The second provision in HB 19 is those intended to protect the
public health. There are two ways that the sponsor has gone
about doing this. The first is that when pesticides or bypass
chemicals are applied in a public place, they are applied by a
certified applicator. This is someone that is trained in the
use and application of these chemicals. The second is that
reasonable public notice is posted when pesticides are
applied. This is important because the sponsor's intent was to
find that balance and strike that balance between added cost
to the industry and reasonable protections for the public. You
might hear today some testimony that will talk about previous
public notice, something that's 48 hours in advance.

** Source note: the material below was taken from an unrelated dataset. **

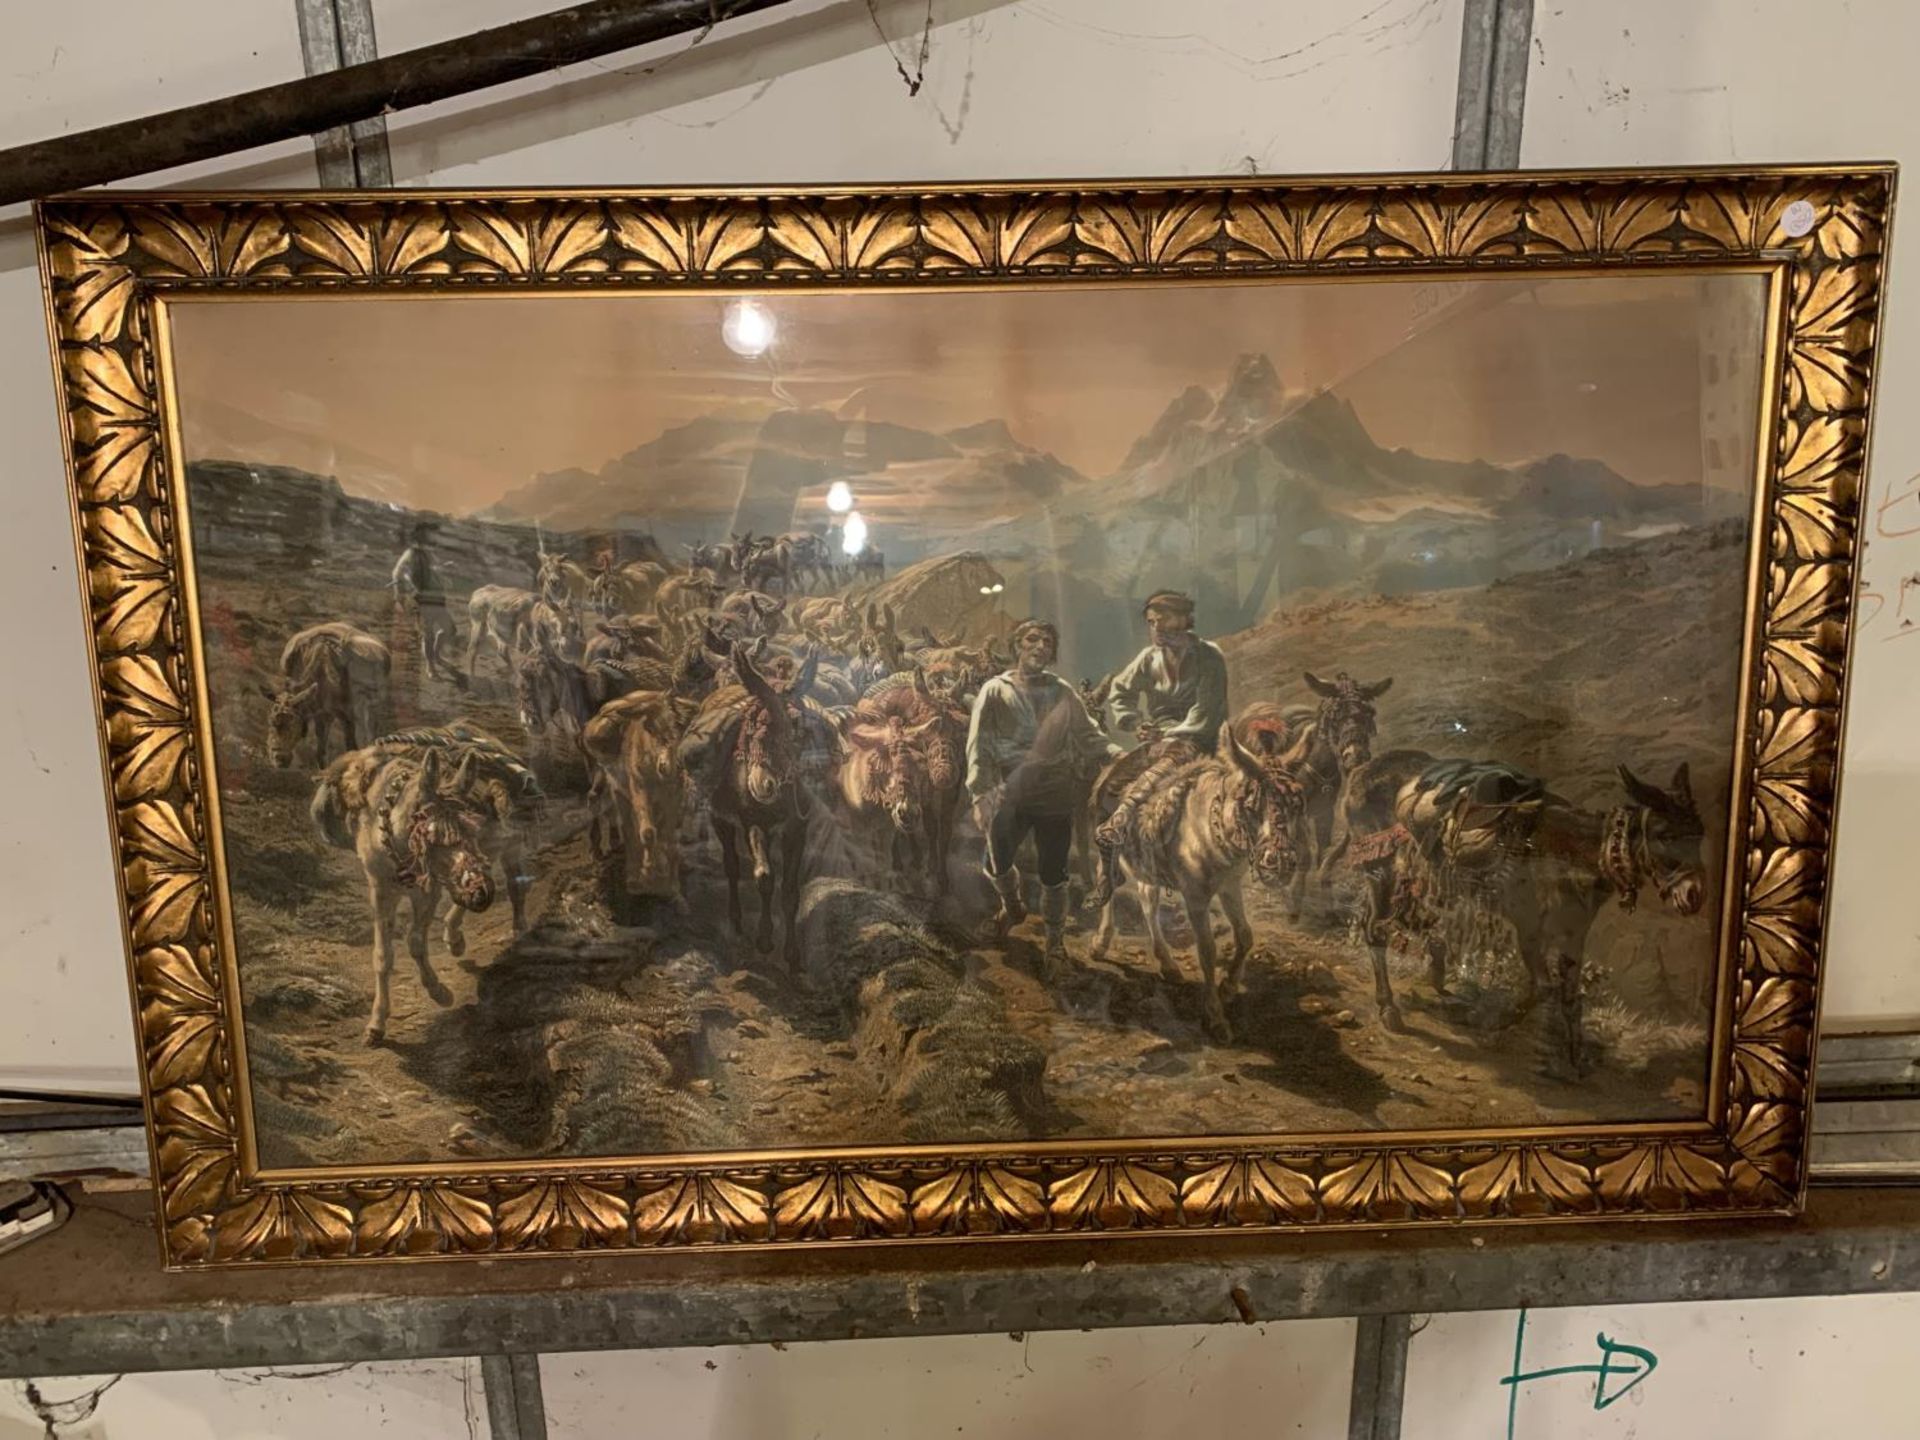 A LARGE GILT FRAMED PICTURE OF DONKEYS BEING HERDED

The
sponsor very carefully worked to something that is more along
the lines of similar to a wet paint sign; that when the
activity occurs and when the public should be concerned, that
notice is given to them.
There are approximately between 5,500 and 5,700 different
chemicals that are used in the state of Alaska. Trying to
write legislation that specifically addresses the handling and
use of all of these chemicals, the sponsor found incredibly
problematic. And so to reach these public health goals, HB 19
turns the Department of Environmental Conservation to in
regulation achieve the ends that are put forth in HB 19.
10:31:44 AM
KEN PERRY, General Manager, PARATEX Pied Piper, and representative,
Certified Applicators in Alaska, National Pest Management
Association, and RISE, testified via teleconference from Anchorage,
read a statement into the record as follows.
I am Ken Perry, a lifelong Alaskan and General Manager of
PARATEX Pied Piper - Alaska's oldest Pest Management Company.
I also represent Certified Applicators in Alaska, and speak by
permission of the National Pest Management Association and a
major chemical manufacturer's group known as RISE. As you are
aware, I have been involved in this bill since Mr. Meyer first
kindly asked us to meet with his assistant, Mr. Pawlowski and
representatives from the Department of Environmental
Conservation some months ago. I am grateful for this
consideration on their part. At that time, I addressed the
same concerns I have addressed continually through many
committees, and have offered reasonable solutions as well.
Frankly, the document before you today is so far removed from
the original intent of the sponsors, that I am amazed it still
has support. In that vein, I submitted to you via e-mail
yesterday a workable set of amendments that can return the
bill to its original course and meet most of our concerns. I
urge you to either adopt those amendments or send the bill
back to the sponsor to achieve those same goals.
On the issue of pesticide safety, the barrages of comments you
are receiving from certain environmentalists have already been
addressed at the federal level. While they certainly have
every right to be heard on their claims, it is still the EPA
who makes the decision on what chemicals can be safely used,
when and where. While a pesticide free environment might seem
to be a goal for them, we should not ignore the desire of
others for a pest free environment. Their choices to buy
products to achieve their desire should not be denied by
excessive fees levied against the manufacturers, who will then
simply remove their availability from the Alaska marketplace.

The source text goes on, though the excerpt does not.